(Denver Post, March 27) A useful new verb was coined the other day when Republicans joined Democrats to propose higher pension contributions by public employees and a union boss called it a “blatant attempt to Wisconsinize the Colorado budget process.” What a great idea, thought many a tired and worried taxpayer. Wisconsinize away, legislators – what took you so long?Statewide unemployment is record-awful, and metro Denver unemployment worse still. Why shouldn’t these job-secure teachers and state workers kick in a little more toward their comfy (but now shaky) retirement plans? As recession maintains its grip despite cheery official statistics, the dirty secret is out: Government employees at all levels across the land are better compensated than you and me in the private sector.
So, yes, by all means. Colorado should not only Wisconsinize downward its public pay and benefit packages, along with the union bargaining leverage that drives them. It should also New Jersey-ize transportation, Florida-ize health care, Utah-ize the schools, and Texas-ize the tax system. Other states are making hard choices for fiscal survival and economic revival – and doing it on the spending side, not with revenue grabs. We can too.
“Colorado cannot expect to grow its way out of its budget problems,” warned Charlie Brown, veteran of decades on the legislative staff and now head of DU’s fiscal think tank, in a much-noticed report last month. Our state has a revenue problem as well as a spending problem, agrees Henry Sobanet, budget director for Gov. John Hickenlooper. But do we really? It depends on your assumptions.

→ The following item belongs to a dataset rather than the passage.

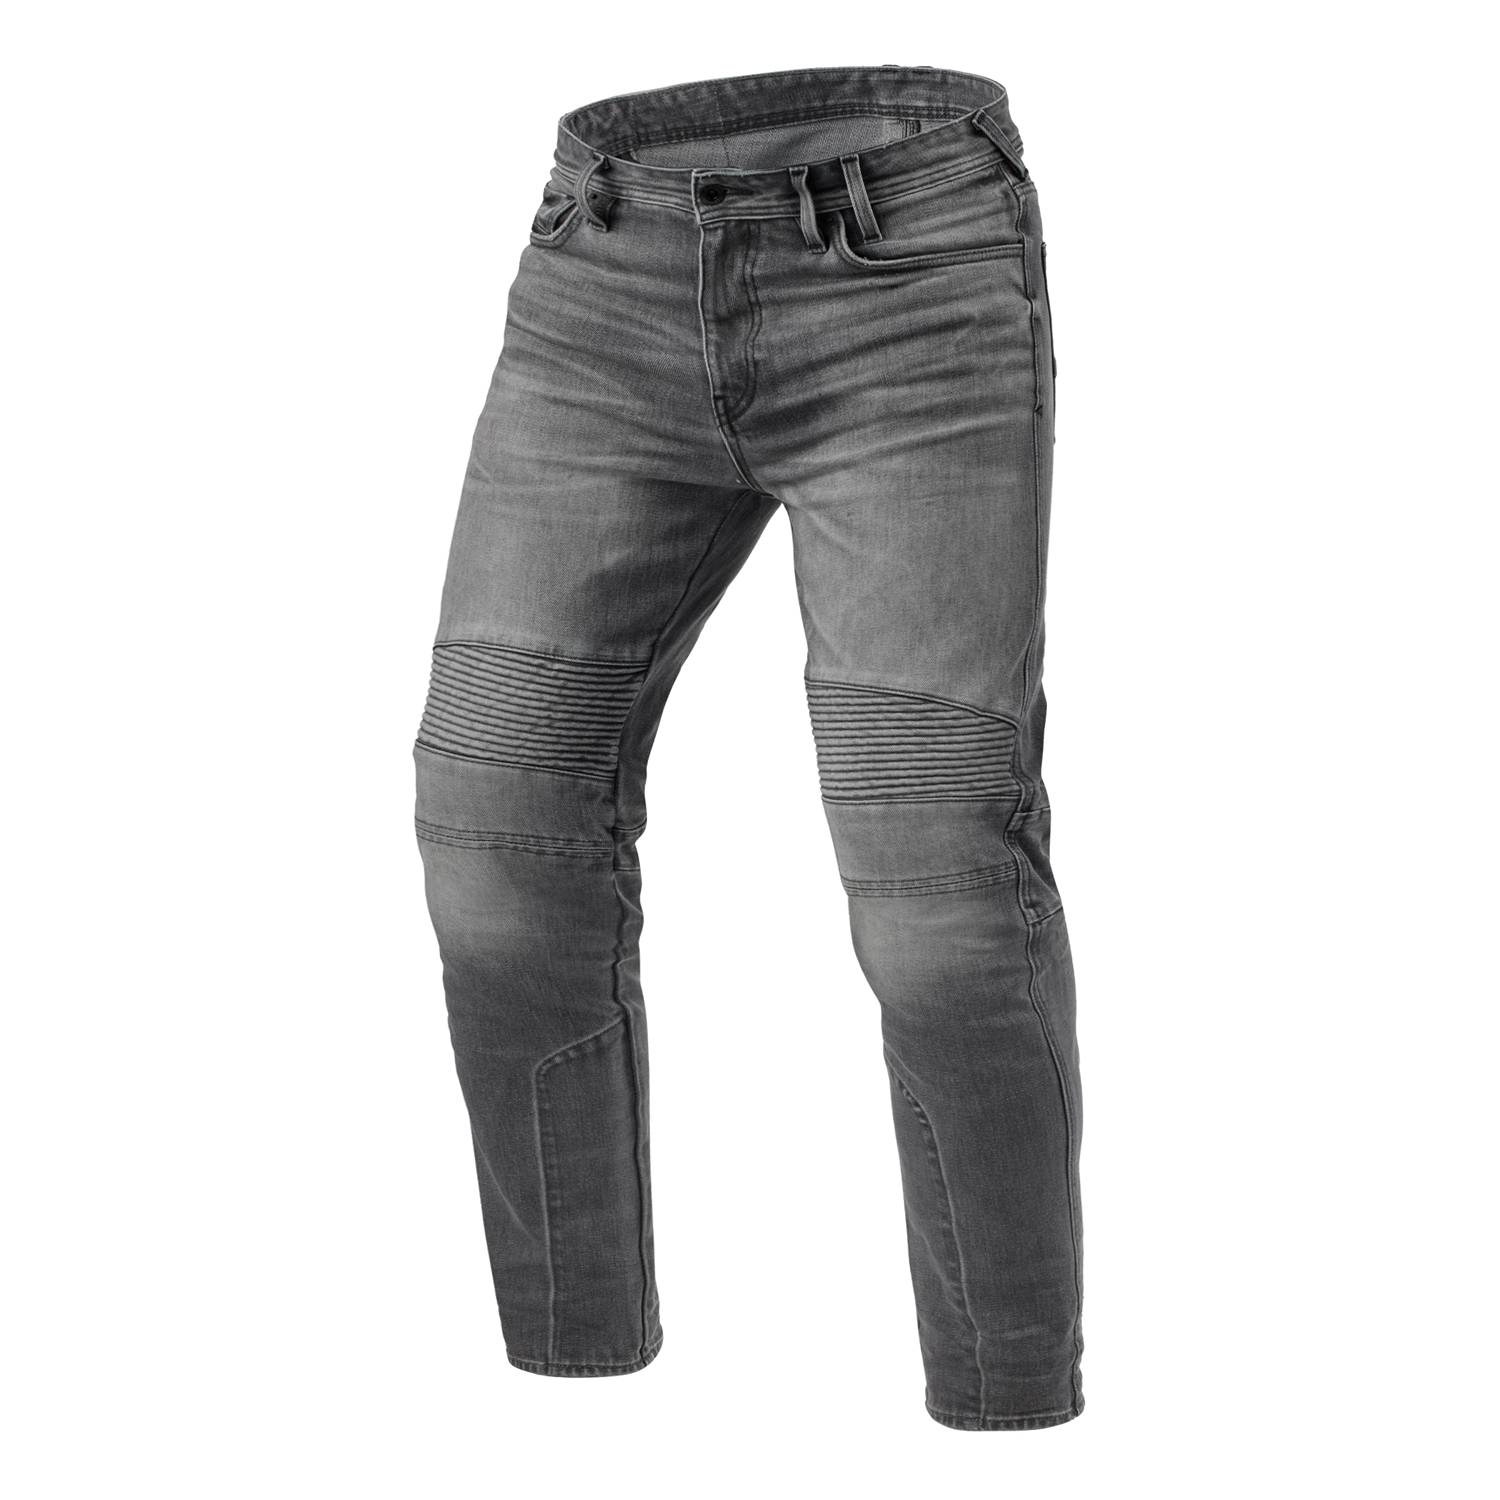 Image of REV'IT! Jeans Moto 2 TF Medium Grey Used L34 Motorcycle Jeans Talla L34/W30
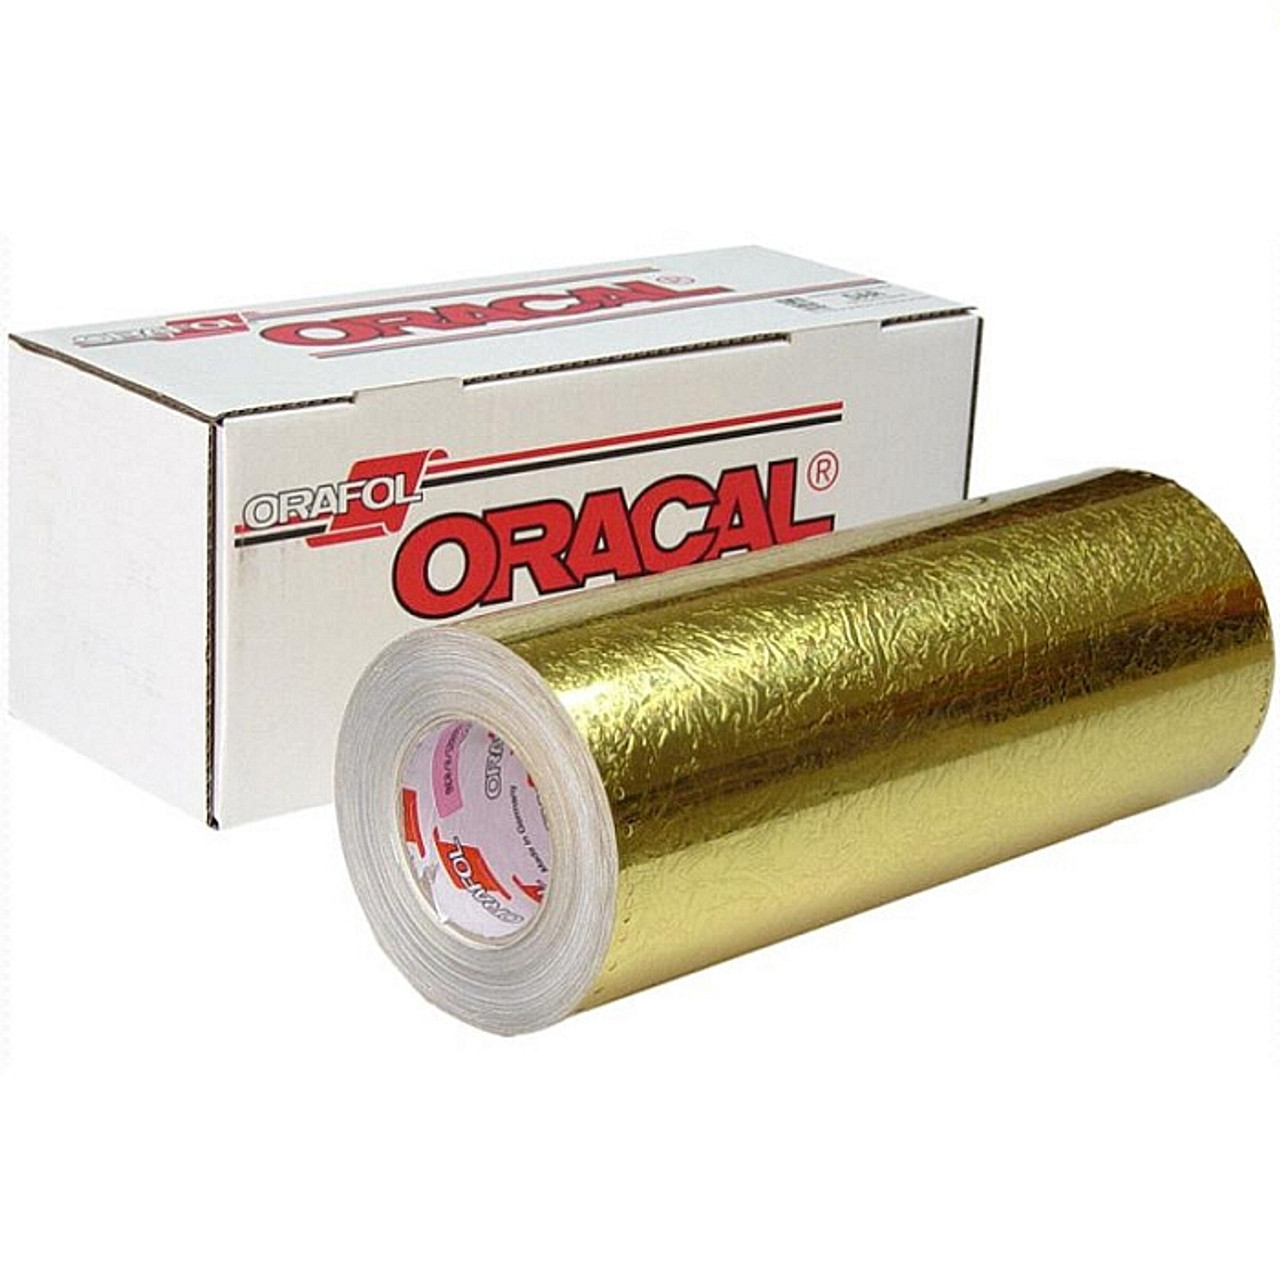 Oracal 352 - Gold Chrome - Permanent Vinyl - 12 x 5 Ft Rolls

Former state Rep. Penn Pfiffner starts his fiscal slide show with a chart showing that total state spending from taxes, fees, and federal funds has never decreased in modern times. Never. Pfiffner is now with the Independence Institute, and he directed their Citizens Budget project, which published a “road map for sustainable government in Colorado” several weeks ago.
Working from a projected $1 billion gap between the trend lines for revenue and spending, his citizen budgeteers identified specific, realistic savings in K-12 education, health care, corrections, higher education, transportation, and pensions that would more than balance the budget – and bend the spending curve down in future years, so the structural deficit identified in DU’s study wouldn’t persist.
The resulting 168-page book (of which I peer-reviewed a chapter) plows through grainy detail in department after department until your eyes ache. No rosy generalities or unspecified “waste, fraud, and abuse” cuts for this corps of academicians and experts. No throwing grandma out in the snow, either. Their roadmap could actually get us home, provided we’re grown up enough to follow it.
“To assume,” says a bad pun and good proverb, “can make an ass of U and me.” Pfiffner and company reject the assumed inevitability of Sobanet’s revenue deficiency and Brown’s grimly rising graphs for spending on schools, prisons, and Medicaid out to 2025. They assume instead that we control our own destiny, in the problem of over-government as in every other area of political life – and all history is on their side.
Liberals such as Sen. Rollie Heath are so sure revenue is the problem that they want to raise income taxes and sales taxes. Conservatives such as Jon Caldara, who funded the Pfiffner counter-budget, are so sure it’s not that they’re proposing a tax cut. Reduce income taxes in the face of a doomsday deficit? How Reaganistically visionary. How Wisconsinish.
But then, Texas has no income tax at all, and it’s booming. Utah schools outperform Colorado with much larger classes. Florida Gov. Rick Scott turned down big money from Obama for a health-insurance exchange (which some Republicans here seem to want). New Jersey Gov. Chris Christie nixed that expensive tunnel. Grownups can do this stuff. Now is the time.